## [Assignment]
Pictures excluded, output exactly the lines from the one containing "Effects of Macrofaunal" through the last line of the listing below.

## [Data extract]

--

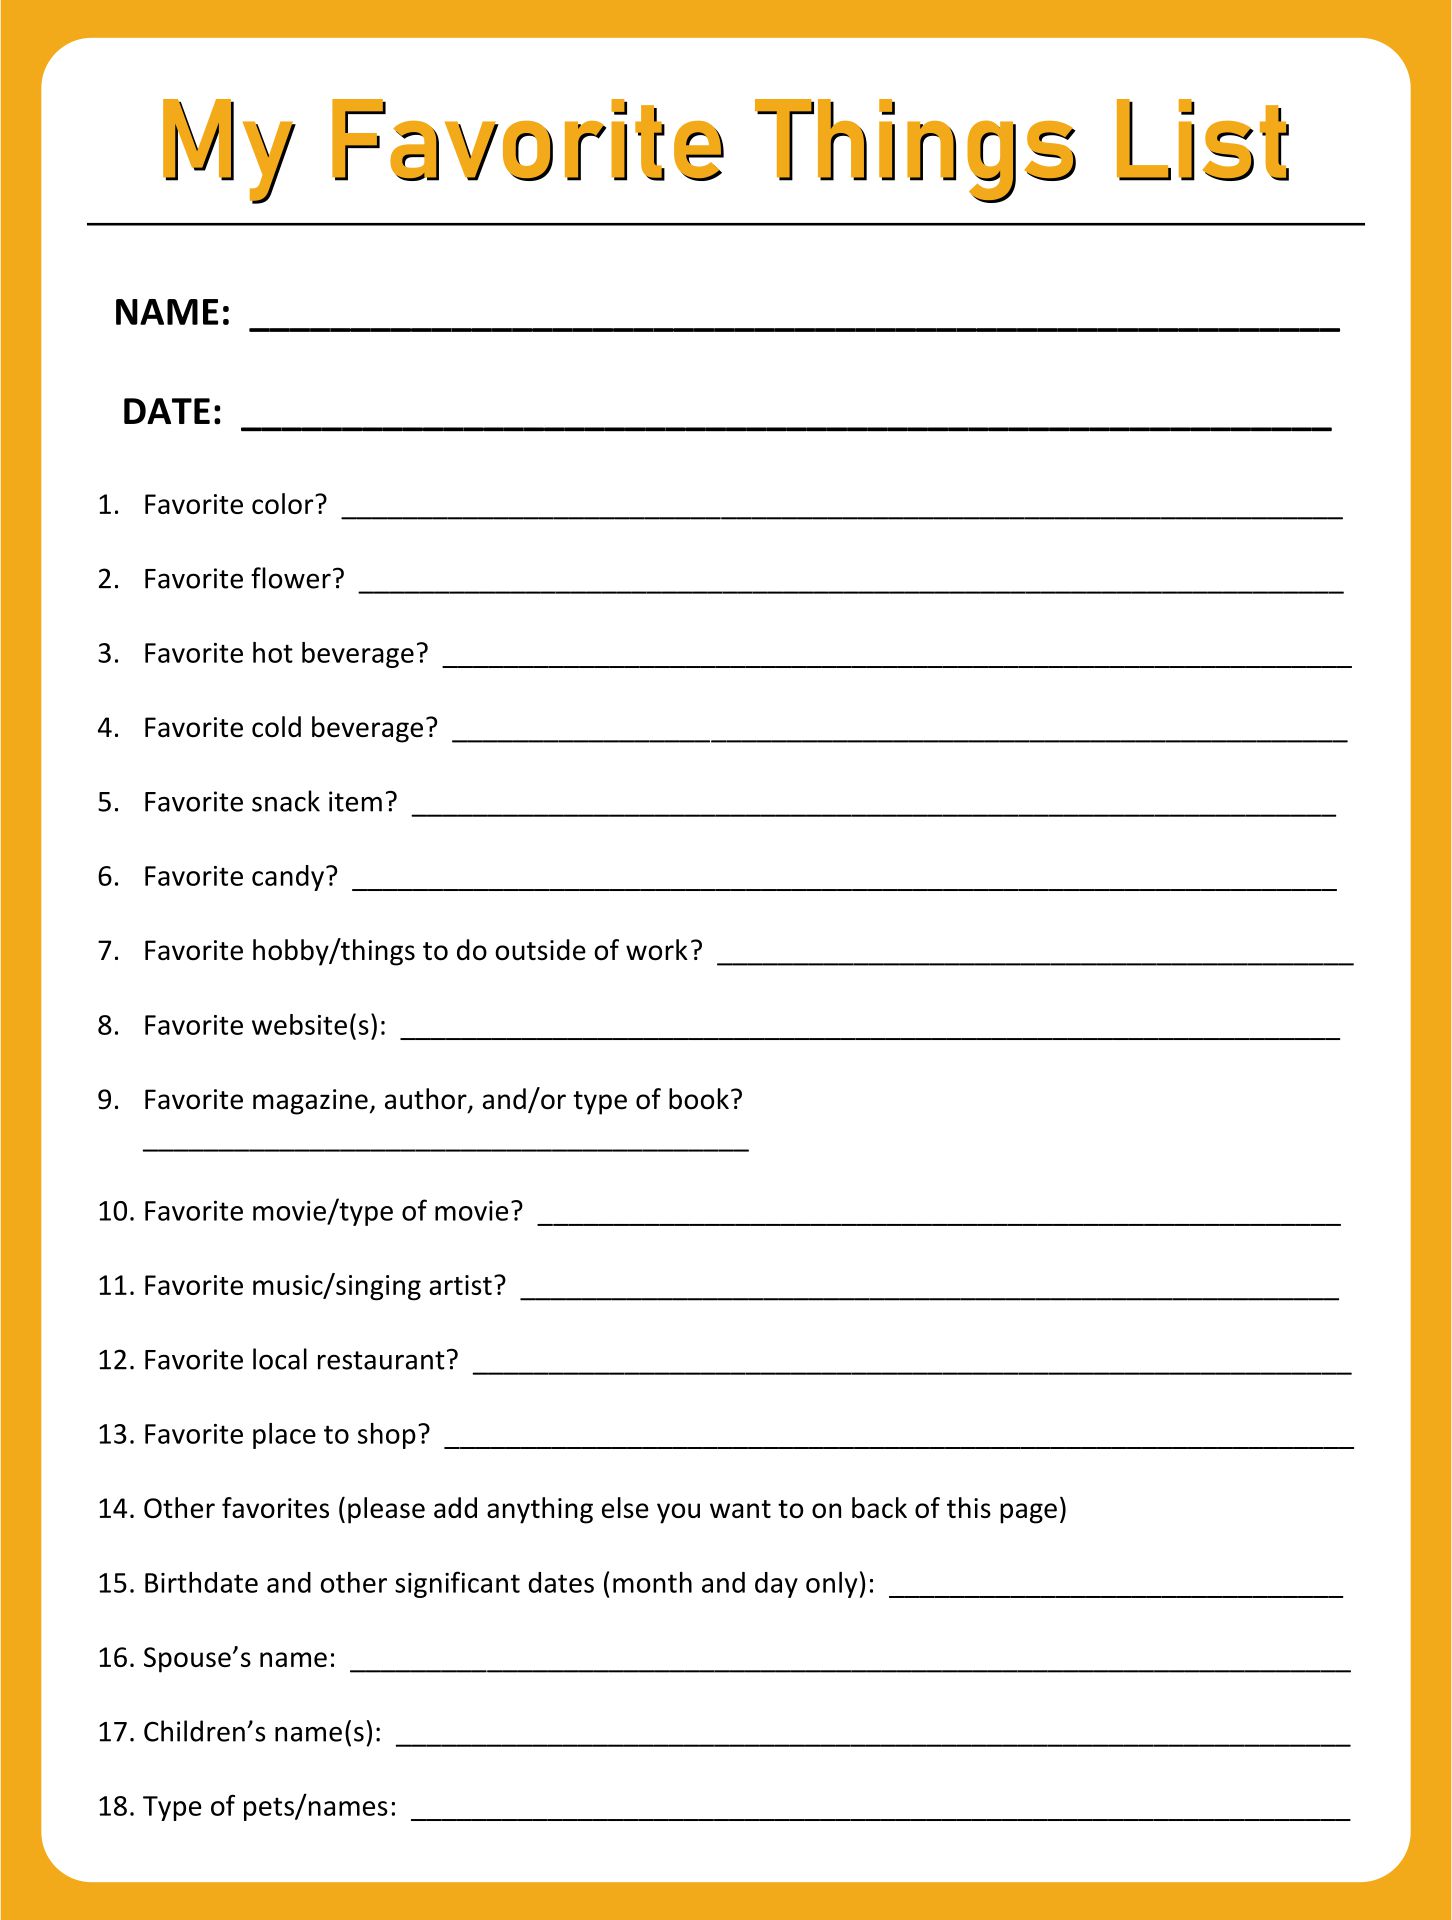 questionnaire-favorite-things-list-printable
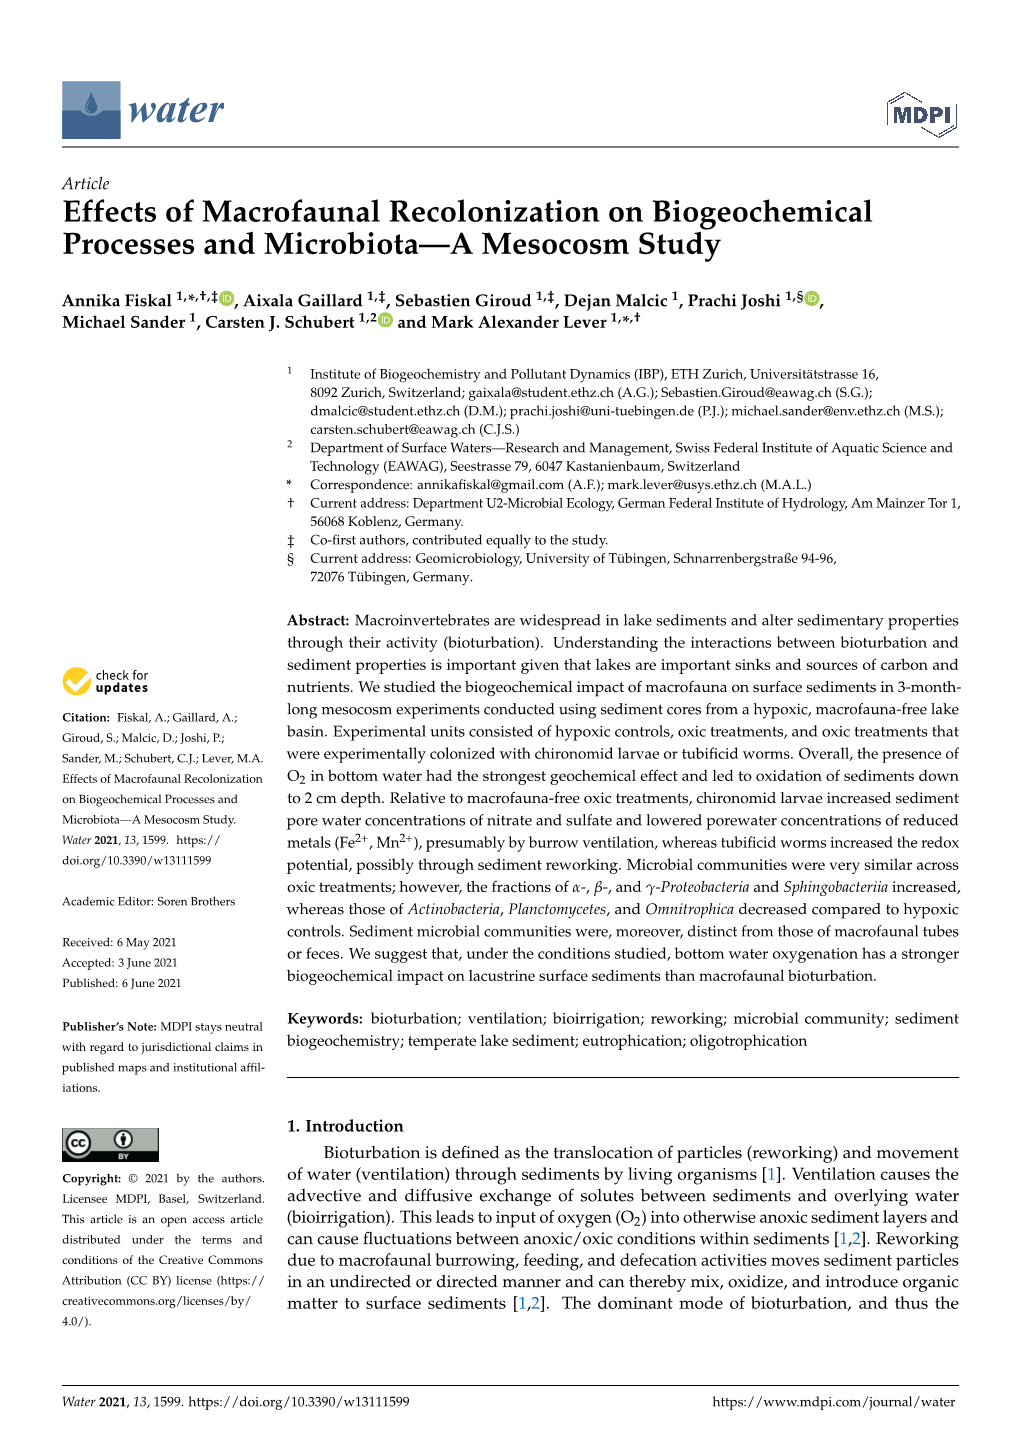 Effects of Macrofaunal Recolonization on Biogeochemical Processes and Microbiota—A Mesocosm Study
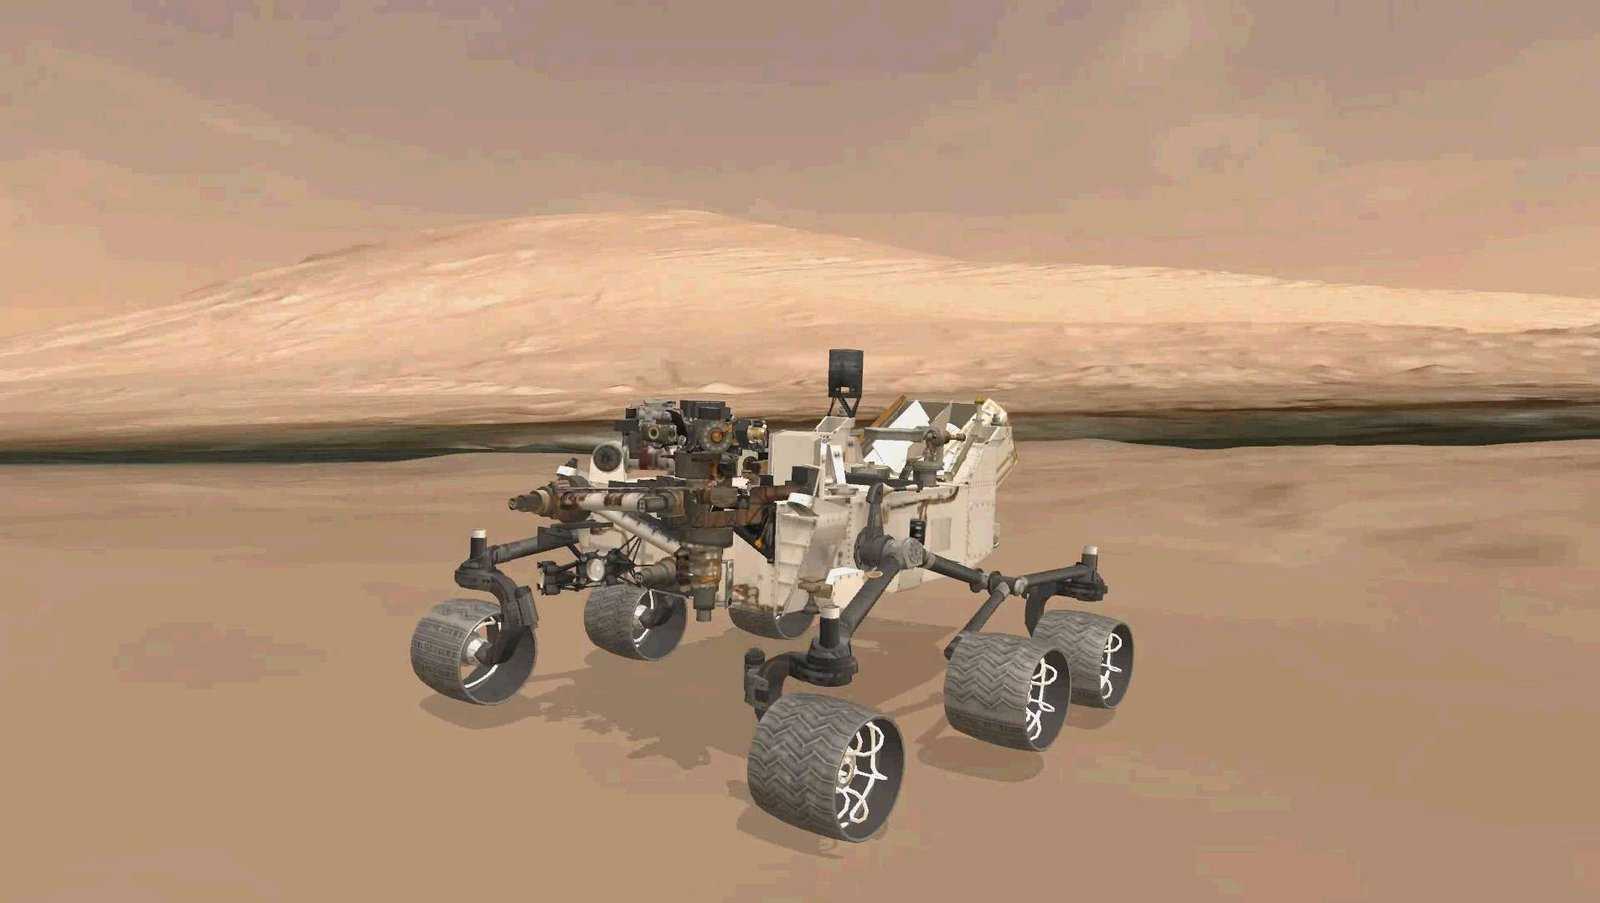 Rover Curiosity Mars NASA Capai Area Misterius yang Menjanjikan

--

## [Solution for this task]
 Effects of Macrofaunal Recolonization on Biogeochemical Processes and Microbiota—A Mesocosm Study
 Rover Curiosity Mars NASA Capai Area Misterius yang Menjanjikan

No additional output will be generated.